> [DATASET RECORDS]:
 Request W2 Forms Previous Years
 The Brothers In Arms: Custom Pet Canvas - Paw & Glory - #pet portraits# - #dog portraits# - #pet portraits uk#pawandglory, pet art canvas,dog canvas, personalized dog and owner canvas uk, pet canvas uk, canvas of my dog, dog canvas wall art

--

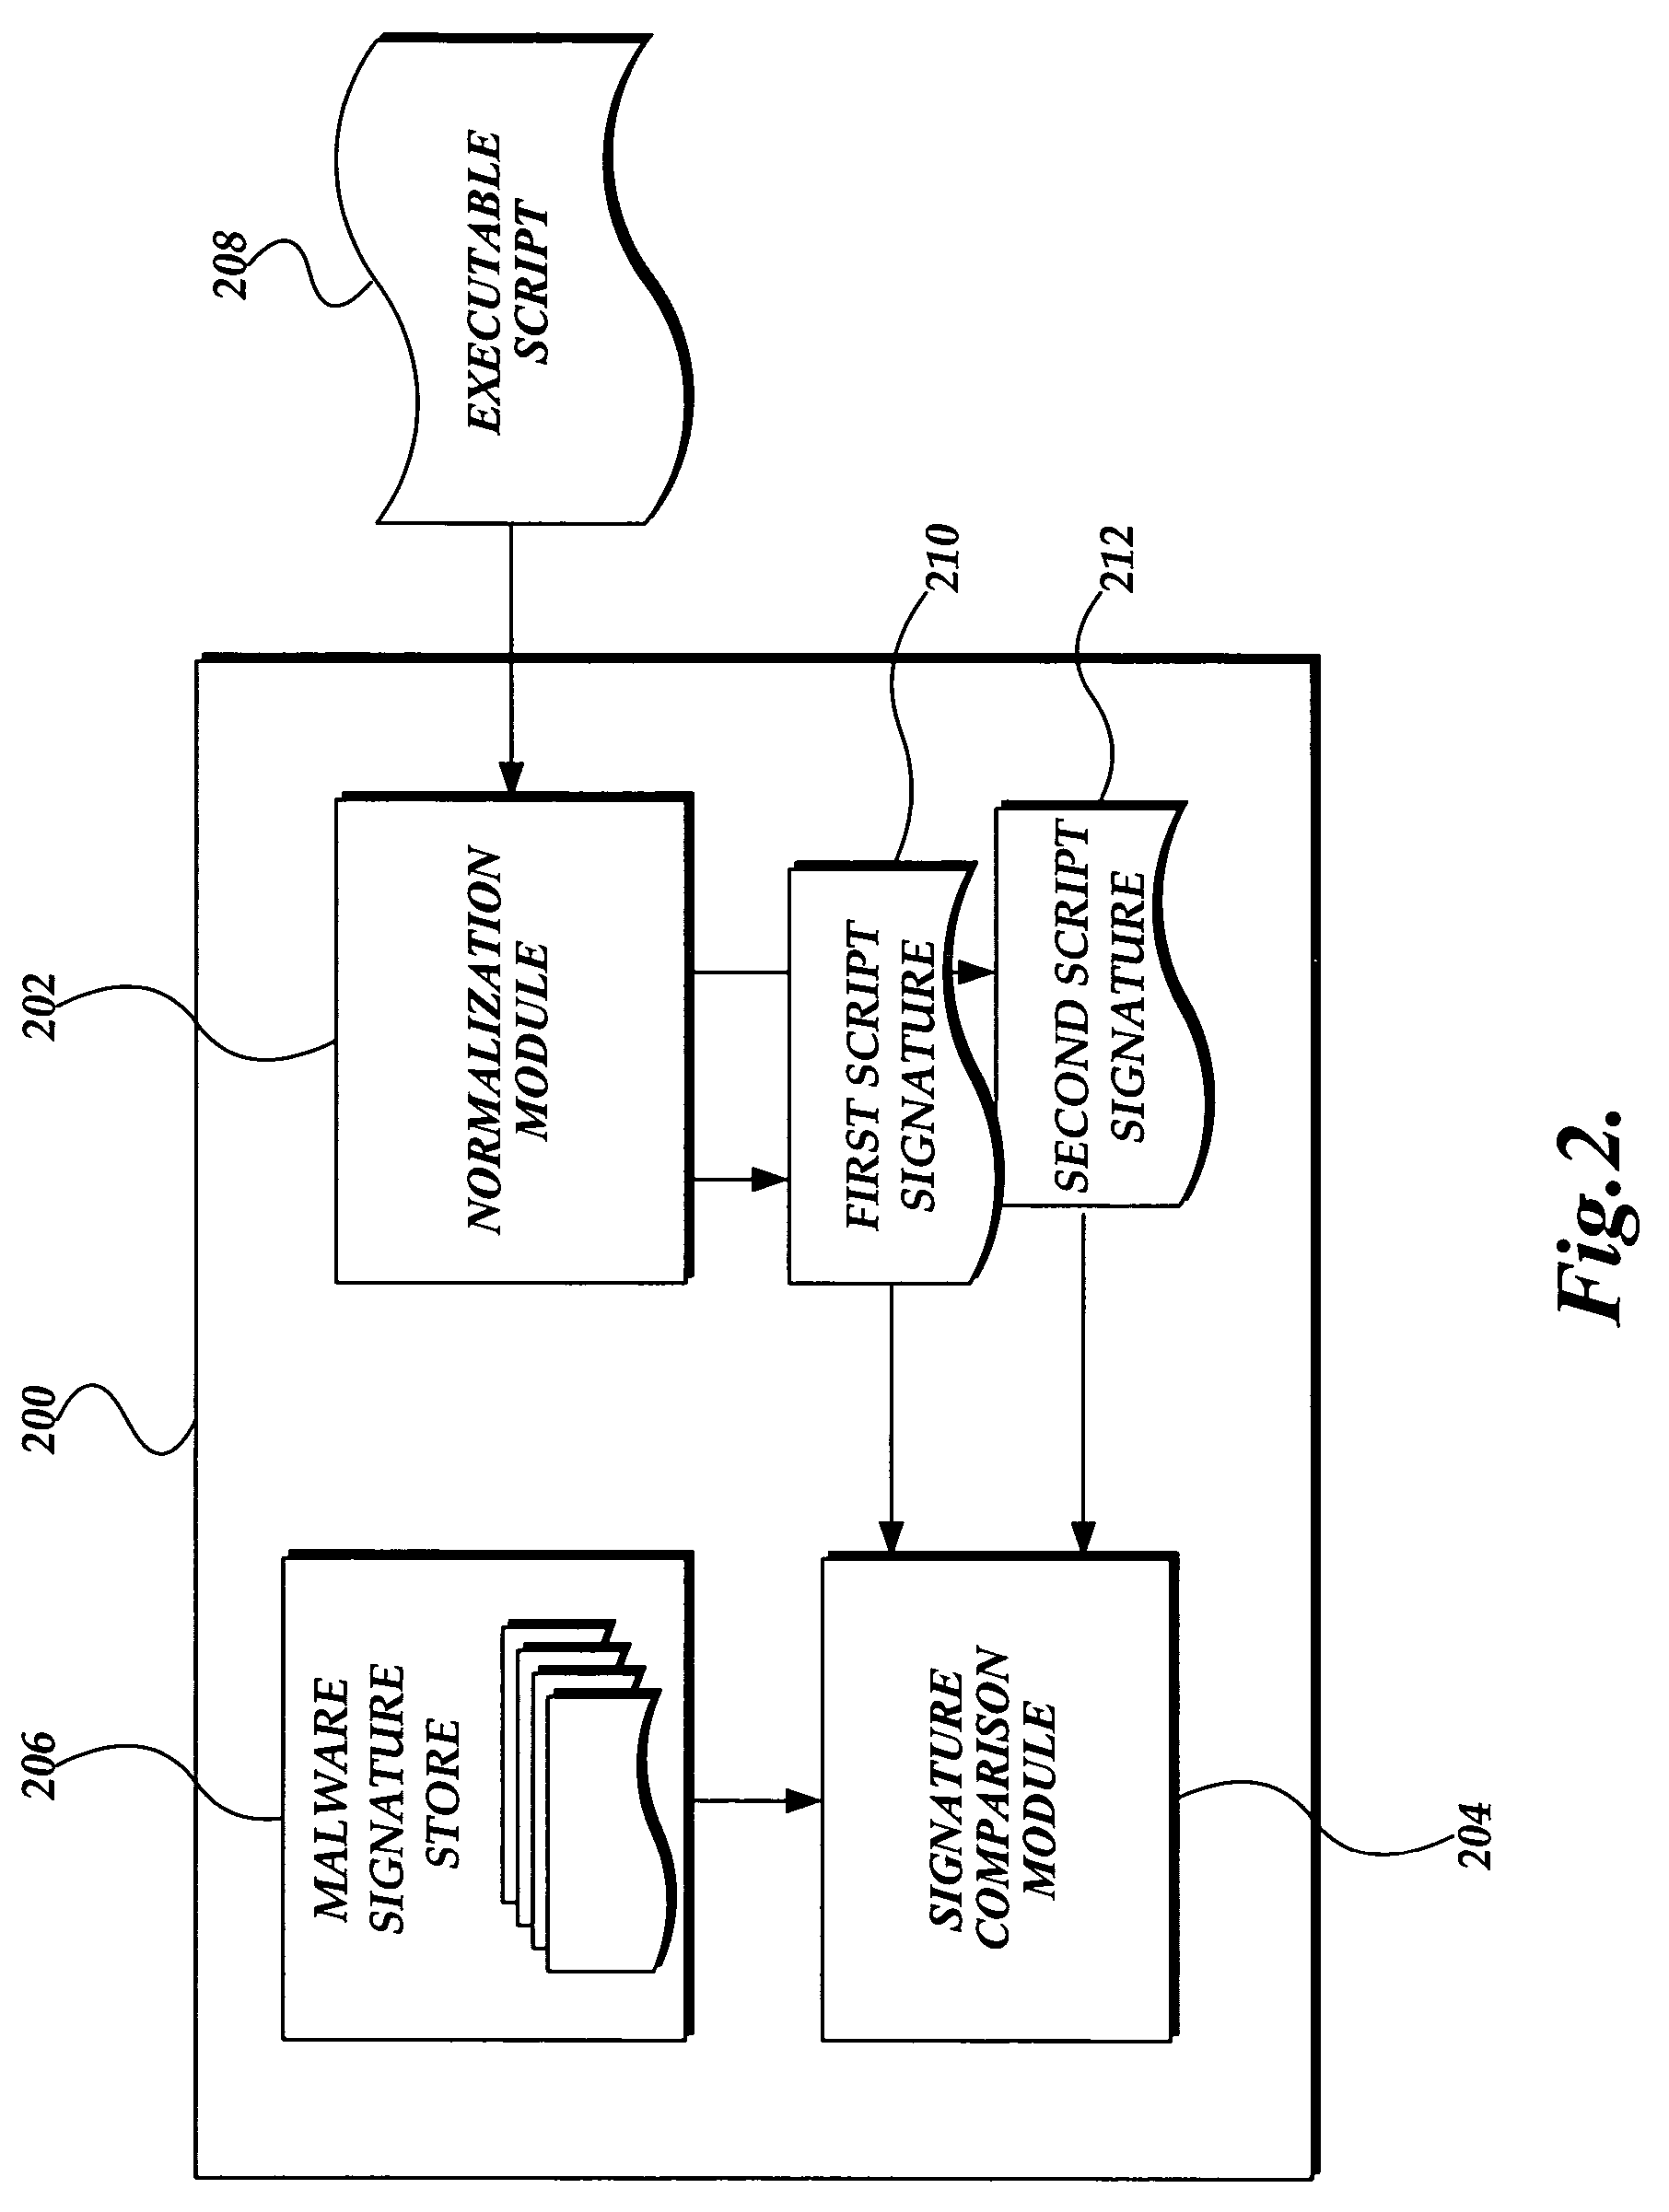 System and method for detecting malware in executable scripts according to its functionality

> [ASSIGNMENT]: Copy out each line of the data above, exactly, if it lies between the line holding "Request W2 Forms Previous Years" and the line holding "The Brothers In", inclusive; copy no other line.

> [SOLUTION TO THE EXERCISE]:
 Request W2 Forms Previous Years
 The Brothers In Arms: Custom Pet Canvas - Paw & Glory - #pet portraits# - #dog portraits# - #pet portraits uk#pawandglory, pet art canvas,dog canvas, personalized dog and owner canvas uk, pet canvas uk, canvas of my dog, dog canvas wall art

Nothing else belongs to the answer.